| TASK |
Retype each entry. Leave every word as it is.

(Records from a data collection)

# # #

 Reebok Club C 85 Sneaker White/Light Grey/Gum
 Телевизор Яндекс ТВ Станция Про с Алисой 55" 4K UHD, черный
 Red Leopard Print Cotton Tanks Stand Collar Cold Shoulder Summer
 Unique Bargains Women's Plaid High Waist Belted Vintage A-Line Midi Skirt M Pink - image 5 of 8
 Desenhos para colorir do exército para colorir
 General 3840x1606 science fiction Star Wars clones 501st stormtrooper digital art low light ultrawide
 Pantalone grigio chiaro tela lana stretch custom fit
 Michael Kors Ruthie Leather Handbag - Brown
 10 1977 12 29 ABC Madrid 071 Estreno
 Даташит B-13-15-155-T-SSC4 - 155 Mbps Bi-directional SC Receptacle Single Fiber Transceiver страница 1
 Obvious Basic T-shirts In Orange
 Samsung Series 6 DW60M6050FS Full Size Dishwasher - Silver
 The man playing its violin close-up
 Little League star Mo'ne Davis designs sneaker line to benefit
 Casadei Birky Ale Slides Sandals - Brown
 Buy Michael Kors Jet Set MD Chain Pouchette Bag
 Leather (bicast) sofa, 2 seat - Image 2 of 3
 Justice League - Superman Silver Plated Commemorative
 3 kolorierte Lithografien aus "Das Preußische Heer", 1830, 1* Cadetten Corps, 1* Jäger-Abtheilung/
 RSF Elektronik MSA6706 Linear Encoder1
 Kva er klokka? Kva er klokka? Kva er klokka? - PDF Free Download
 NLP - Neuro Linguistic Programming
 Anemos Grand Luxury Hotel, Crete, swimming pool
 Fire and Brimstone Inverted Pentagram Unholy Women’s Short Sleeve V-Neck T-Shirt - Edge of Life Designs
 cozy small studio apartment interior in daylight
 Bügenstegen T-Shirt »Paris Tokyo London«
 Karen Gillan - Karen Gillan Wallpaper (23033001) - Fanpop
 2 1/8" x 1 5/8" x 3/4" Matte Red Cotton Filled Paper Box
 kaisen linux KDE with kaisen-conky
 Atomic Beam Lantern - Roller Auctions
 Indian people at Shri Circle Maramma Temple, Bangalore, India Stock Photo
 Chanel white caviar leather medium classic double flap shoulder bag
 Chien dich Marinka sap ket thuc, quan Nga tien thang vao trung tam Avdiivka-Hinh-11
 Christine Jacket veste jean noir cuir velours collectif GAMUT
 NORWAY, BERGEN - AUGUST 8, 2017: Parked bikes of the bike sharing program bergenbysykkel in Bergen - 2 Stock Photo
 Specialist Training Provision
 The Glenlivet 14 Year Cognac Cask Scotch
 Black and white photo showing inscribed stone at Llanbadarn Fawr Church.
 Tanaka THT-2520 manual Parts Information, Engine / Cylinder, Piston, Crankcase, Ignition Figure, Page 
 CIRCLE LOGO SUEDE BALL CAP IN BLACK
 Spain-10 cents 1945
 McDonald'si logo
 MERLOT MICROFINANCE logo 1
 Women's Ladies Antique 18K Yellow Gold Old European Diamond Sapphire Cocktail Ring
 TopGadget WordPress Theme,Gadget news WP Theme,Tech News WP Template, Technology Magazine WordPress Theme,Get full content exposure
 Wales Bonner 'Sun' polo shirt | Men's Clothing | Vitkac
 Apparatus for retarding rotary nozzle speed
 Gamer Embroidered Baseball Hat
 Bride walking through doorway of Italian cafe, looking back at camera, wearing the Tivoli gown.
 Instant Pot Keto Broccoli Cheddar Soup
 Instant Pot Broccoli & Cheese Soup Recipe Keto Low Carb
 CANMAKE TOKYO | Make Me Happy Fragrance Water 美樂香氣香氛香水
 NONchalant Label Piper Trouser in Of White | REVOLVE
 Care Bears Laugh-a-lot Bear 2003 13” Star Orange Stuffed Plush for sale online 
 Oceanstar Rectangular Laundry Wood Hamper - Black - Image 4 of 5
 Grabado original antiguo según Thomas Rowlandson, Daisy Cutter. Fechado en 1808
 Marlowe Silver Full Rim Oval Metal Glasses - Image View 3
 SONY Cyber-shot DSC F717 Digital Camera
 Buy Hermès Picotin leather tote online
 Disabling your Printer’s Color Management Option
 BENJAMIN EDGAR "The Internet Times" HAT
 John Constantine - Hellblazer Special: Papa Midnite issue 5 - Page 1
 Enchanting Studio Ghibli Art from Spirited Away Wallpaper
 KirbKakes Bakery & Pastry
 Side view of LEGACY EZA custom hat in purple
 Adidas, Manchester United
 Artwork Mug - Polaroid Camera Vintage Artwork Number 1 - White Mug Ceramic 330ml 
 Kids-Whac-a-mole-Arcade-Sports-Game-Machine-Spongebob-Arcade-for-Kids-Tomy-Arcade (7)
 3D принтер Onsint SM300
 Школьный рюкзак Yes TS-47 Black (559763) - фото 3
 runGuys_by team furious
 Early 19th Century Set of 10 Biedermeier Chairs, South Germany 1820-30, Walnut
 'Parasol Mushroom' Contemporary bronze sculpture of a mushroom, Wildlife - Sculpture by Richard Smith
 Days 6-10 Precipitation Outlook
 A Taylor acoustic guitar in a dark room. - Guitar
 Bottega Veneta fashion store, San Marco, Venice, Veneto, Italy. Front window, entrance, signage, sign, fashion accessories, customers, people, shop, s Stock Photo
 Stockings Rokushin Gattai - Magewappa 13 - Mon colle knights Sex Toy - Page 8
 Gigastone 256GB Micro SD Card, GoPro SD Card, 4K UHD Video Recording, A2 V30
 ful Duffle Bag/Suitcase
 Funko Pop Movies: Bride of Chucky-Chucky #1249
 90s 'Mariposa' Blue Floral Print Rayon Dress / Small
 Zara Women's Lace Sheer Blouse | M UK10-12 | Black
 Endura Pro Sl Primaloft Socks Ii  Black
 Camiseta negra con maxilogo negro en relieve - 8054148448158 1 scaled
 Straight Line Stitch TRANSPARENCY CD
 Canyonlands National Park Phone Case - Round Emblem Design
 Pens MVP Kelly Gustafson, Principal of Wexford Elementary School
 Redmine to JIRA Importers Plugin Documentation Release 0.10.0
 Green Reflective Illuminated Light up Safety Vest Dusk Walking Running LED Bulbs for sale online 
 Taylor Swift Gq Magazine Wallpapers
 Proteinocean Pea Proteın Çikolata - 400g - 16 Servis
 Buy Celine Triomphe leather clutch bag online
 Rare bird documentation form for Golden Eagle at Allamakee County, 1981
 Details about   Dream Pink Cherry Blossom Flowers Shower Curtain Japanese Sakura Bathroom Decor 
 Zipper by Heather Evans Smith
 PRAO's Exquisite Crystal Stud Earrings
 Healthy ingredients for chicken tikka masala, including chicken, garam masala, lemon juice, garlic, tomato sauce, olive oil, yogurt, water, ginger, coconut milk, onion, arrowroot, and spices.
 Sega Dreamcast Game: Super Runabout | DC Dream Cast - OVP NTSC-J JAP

# # #

| RESULT OF THIS TASK |
 Reebok Club C 85 Sneaker White/Light Grey/Gum
 Телевизор Яндекс ТВ Станция Про с Алисой 55" 4K UHD, черный
 Red Leopard Print Cotton Tanks Stand Collar Cold Shoulder Summer
 Unique Bargains Women's Plaid High Waist Belted Vintage A-Line Midi Skirt M Pink - image 5 of 8
 Desenhos para colorir do exército para colorir
 General 3840x1606 science fiction Star Wars clones 501st stormtrooper digital art low light ultrawide
 Pantalone grigio chiaro tela lana stretch custom fit
 Michael Kors Ruthie Leather Handbag - Brown
 10 1977 12 29 ABC Madrid 071 Estreno
 Даташит B-13-15-155-T-SSC4 - 155 Mbps Bi-directional SC Receptacle Single Fiber Transceiver страница 1
 Obvious Basic T-shirts In Orange
 Samsung Series 6 DW60M6050FS Full Size Dishwasher - Silver
 The man playing its violin close-up
 Little League star Mo'ne Davis designs sneaker line to benefit
 Casadei Birky Ale Slides Sandals - Brown
 Buy Michael Kors Jet Set MD Chain Pouchette Bag
 Leather (bicast) sofa, 2 seat - Image 2 of 3
 Justice League - Superman Silver Plated Commemorative
 3 kolorierte Lithografien aus "Das Preußische Heer", 1830, 1* Cadetten Corps, 1* Jäger-Abtheilung/
 RSF Elektronik MSA6706 Linear Encoder1
 Kva er klokka? Kva er klokka? Kva er klokka? - PDF Free Download
 NLP - Neuro Linguistic Programming
 Anemos Grand Luxury Hotel, Crete, swimming pool
 Fire and Brimstone Inverted Pentagram Unholy Women’s Short Sleeve V-Neck T-Shirt - Edge of Life Designs
 cozy small studio apartment interior in daylight
 Bügenstegen T-Shirt »Paris Tokyo London«
 Karen Gillan - Karen Gillan Wallpaper (23033001) - Fanpop
 2 1/8" x 1 5/8" x 3/4" Matte Red Cotton Filled Paper Box
 kaisen linux KDE with kaisen-conky
 Atomic Beam Lantern - Roller Auctions
 Indian people at Shri Circle Maramma Temple, Bangalore, India Stock Photo
 Chanel white caviar leather medium classic double flap shoulder bag
 Chien dich Marinka sap ket thuc, quan Nga tien thang vao trung tam Avdiivka-Hinh-11
 Christine Jacket veste jean noir cuir velours collectif GAMUT
 NORWAY, BERGEN - AUGUST 8, 2017: Parked bikes of the bike sharing program bergenbysykkel in Bergen - 2 Stock Photo
 Specialist Training Provision
 The Glenlivet 14 Year Cognac Cask Scotch
 Black and white photo showing inscribed stone at Llanbadarn Fawr Church.
 Tanaka THT-2520 manual Parts Information, Engine / Cylinder, Piston, Crankcase, Ignition Figure, Page 
 CIRCLE LOGO SUEDE BALL CAP IN BLACK
 Spain-10 cents 1945
 McDonald'si logo
 MERLOT MICROFINANCE logo 1
 Women's Ladies Antique 18K Yellow Gold Old European Diamond Sapphire Cocktail Ring
 TopGadget WordPress Theme,Gadget news WP Theme,Tech News WP Template, Technology Magazine WordPress Theme,Get full content exposure
 Wales Bonner 'Sun' polo shirt | Men's Clothing | Vitkac
 Apparatus for retarding rotary nozzle speed
 Gamer Embroidered Baseball Hat
 Bride walking through doorway of Italian cafe, looking back at camera, wearing the Tivoli gown.
 Instant Pot Keto Broccoli Cheddar Soup
 Instant Pot Broccoli & Cheese Soup Recipe Keto Low Carb
 CANMAKE TOKYO | Make Me Happy Fragrance Water 美樂香氣香氛香水
 NONchalant Label Piper Trouser in Of White | REVOLVE
 Care Bears Laugh-a-lot Bear 2003 13” Star Orange Stuffed Plush for sale online 
 Oceanstar Rectangular Laundry Wood Hamper - Black - Image 4 of 5
 Grabado original antiguo según Thomas Rowlandson, Daisy Cutter. Fechado en 1808
 Marlowe Silver Full Rim Oval Metal Glasses - Image View 3
 SONY Cyber-shot DSC F717 Digital Camera
 Buy Hermès Picotin leather tote online
 Disabling your Printer’s Color Management Option
 BENJAMIN EDGAR "The Internet Times" HAT
 John Constantine - Hellblazer Special: Papa Midnite issue 5 - Page 1
 Enchanting Studio Ghibli Art from Spirited Away Wallpaper
 KirbKakes Bakery & Pastry
 Side view of LEGACY EZA custom hat in purple
 Adidas, Manchester United
 Artwork Mug - Polaroid Camera Vintage Artwork Number 1 - White Mug Ceramic 330ml 
 Kids-Whac-a-mole-Arcade-Sports-Game-Machine-Spongebob-Arcade-for-Kids-Tomy-Arcade (7)
 3D принтер Onsint SM300
 Школьный рюкзак Yes TS-47 Black (559763) - фото 3
 runGuys_by team furious
 Early 19th Century Set of 10 Biedermeier Chairs, South Germany 1820-30, Walnut
 'Parasol Mushroom' Contemporary bronze sculpture of a mushroom, Wildlife - Sculpture by Richard Smith
 Days 6-10 Precipitation Outlook
 A Taylor acoustic guitar in a dark room. - Guitar
 Bottega Veneta fashion store, San Marco, Venice, Veneto, Italy. Front window, entrance, signage, sign, fashion accessories, customers, people, shop, s Stock Photo
 Stockings Rokushin Gattai - Magewappa 13 - Mon colle knights Sex Toy - Page 8
 Gigastone 256GB Micro SD Card, GoPro SD Card, 4K UHD Video Recording, A2 V30
 ful Duffle Bag/Suitcase
 Funko Pop Movies: Bride of Chucky-Chucky #1249
 90s 'Mariposa' Blue Floral Print Rayon Dress / Small
 Zara Women's Lace Sheer Blouse | M UK10-12 | Black
 Endura Pro Sl Primaloft Socks Ii  Black
 Camiseta negra con maxilogo negro en relieve - 8054148448158 1 scaled
 Straight Line Stitch TRANSPARENCY CD
 Canyonlands National Park Phone Case - Round Emblem Design
 Pens MVP Kelly Gustafson, Principal of Wexford Elementary School
 Redmine to JIRA Importers Plugin Documentation Release 0.10.0
 Green Reflective Illuminated Light up Safety Vest Dusk Walking Running LED Bulbs for sale online 
 Taylor Swift Gq Magazine Wallpapers
 Proteinocean Pea Proteın Çikolata - 400g - 16 Servis
 Buy Celine Triomphe leather clutch bag online
 Rare bird documentation form for Golden Eagle at Allamakee County, 1981
 Details about   Dream Pink Cherry Blossom Flowers Shower Curtain Japanese Sakura Bathroom Decor 
 Zipper by Heather Evans Smith
 PRAO's Exquisite Crystal Stud Earrings
 Healthy ingredients for chicken tikka masala, including chicken, garam masala, lemon juice, garlic, tomato sauce, olive oil, yogurt, water, ginger, coconut milk, onion, arrowroot, and spices.
 Sega Dreamcast Game: Super Runabout | DC Dream Cast - OVP NTSC-J JAP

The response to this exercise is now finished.